Abstract
DNA methylation is a conserved epigenetic mark that plays important roles in maintaining genome stability and regulating gene expression. As sessile organisms, plants have evolved sophisticated regulatory systems to endure or respond to diverse adverse abiotic environmental challenges, i.e., abiotic stresses, such as extreme temperatures (cold and heat), drought and salinity. Plant stress responses are often accompanied by changes in chromatin modifications at diverse responsive loci, such as 5-methylcytosine (5mC) and N6-methyladenine (6mA) DNA methylation. Some abiotic stress responses are memorized for several hours or days through mitotic cell divisions and quickly reset to baseline levels after normal conditions are restored, which is referred to as somatic memory. In some cases, stress-induced chromatin marks are meiotically heritable and can impart the memory of stress exposure from parent plants to at least the next stress-free offspring generation through the mechanisms of transgenerational epigenetic inheritance, which may offer the descendants the potential to be adaptive for better fitness. In this review, we briefly summarize recent achievements regarding the establishment, maintenance and reset of DNA methylation, and highlight the diverse roles of DNA methylation in plant responses to abiotic stresses. Further, we discuss the potential role of DNA methylation in abiotic stress-induced somatic memory and transgenerational inheritance. Future research directions are proposed to develop stress-tolerant engineered crops to reduce the negative effects of abiotic stresses.
Highlights
DNA methylation is a conserved epigenetic modification in eukaryotes and prokaryotes (Law and Jacobsen, 2010; Beaulaurier et al, 2019)

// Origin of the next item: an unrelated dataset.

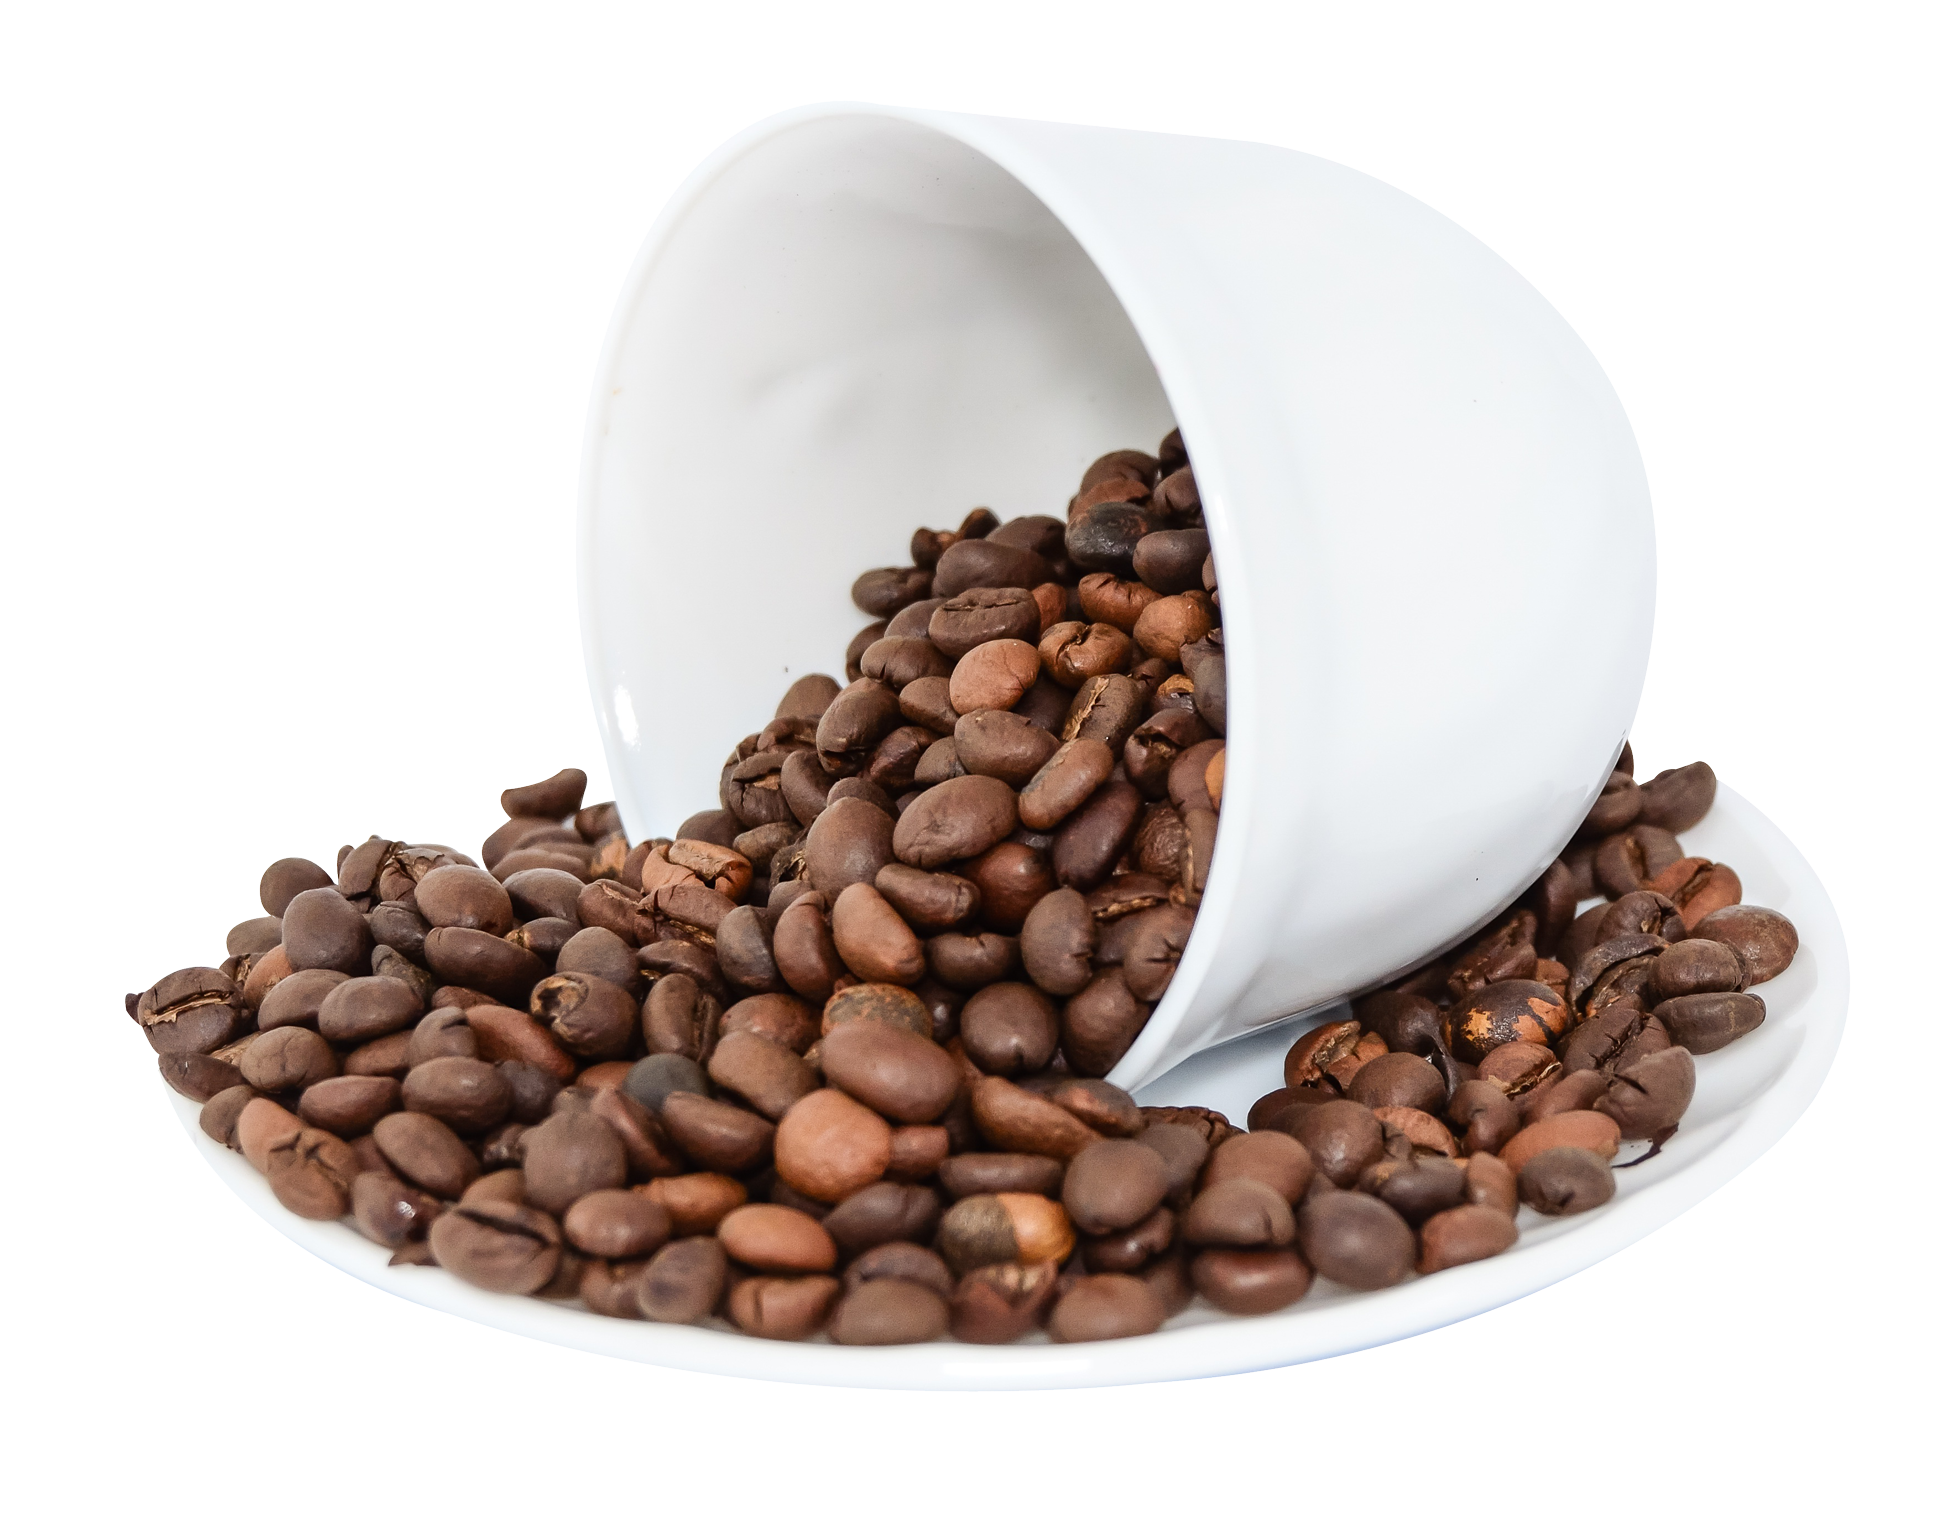 Hdpng - Coffee Beans, Transparent background PNG HD thumbnail
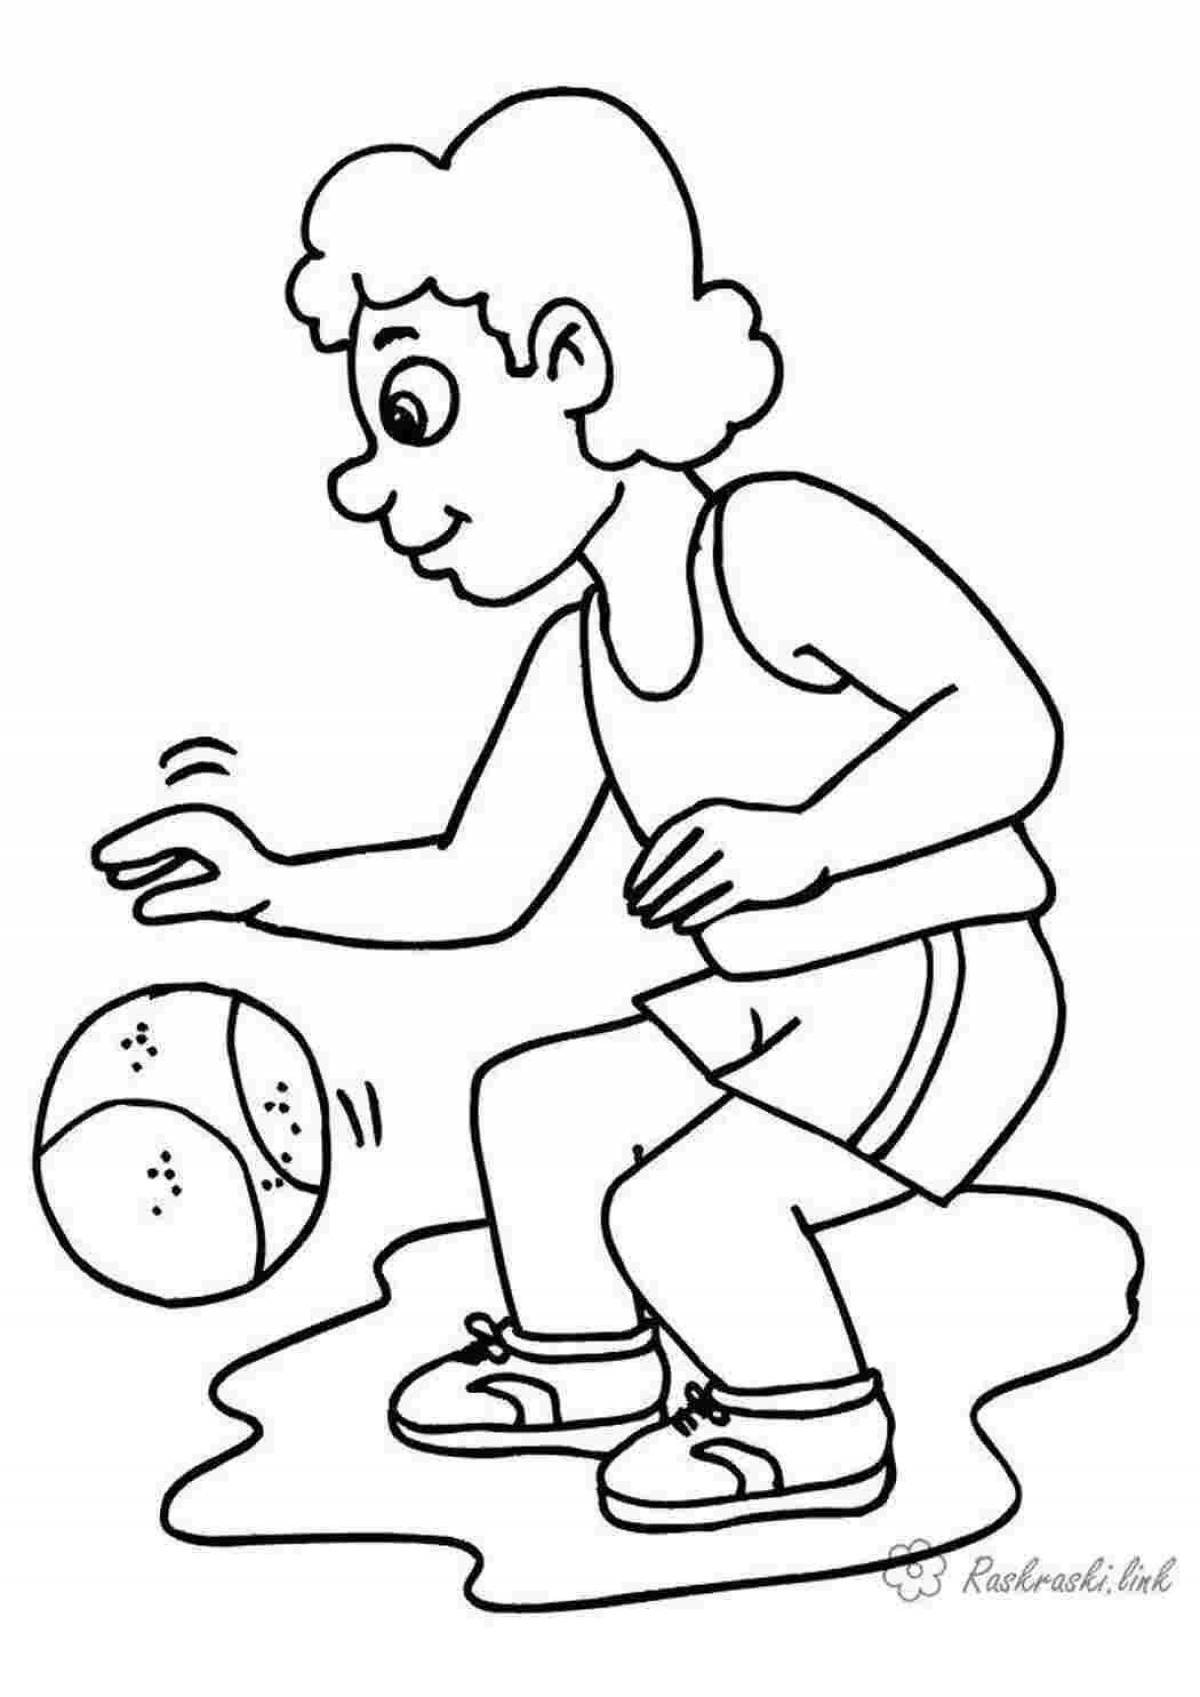 Creative Health Day coloring page

We briefly summarize recent progress on the establishment, maintenance and erasing of 5mC and 6mA, and present the divergent roles of DNA methylation in plant responses to different abiotic stresses
The genome-wide DNA methylation changes induced by abiotic stresses are distinct according to the intensity and duration of stress, the developmental stages, sampled tissues, genotypes and species
Summary
DNA methylation is a conserved epigenetic modification in eukaryotes and prokaryotes (Law and Jacobsen, 2010; Beaulaurier et al, 2019). 5mC plays important roles in defending the genome against selfish DNA elements and regulating gene expression, which are essential for normal plant growth, development and reproduction as well as appropriate biotic and abiotic stress responses (Zhang H. et al, 2018).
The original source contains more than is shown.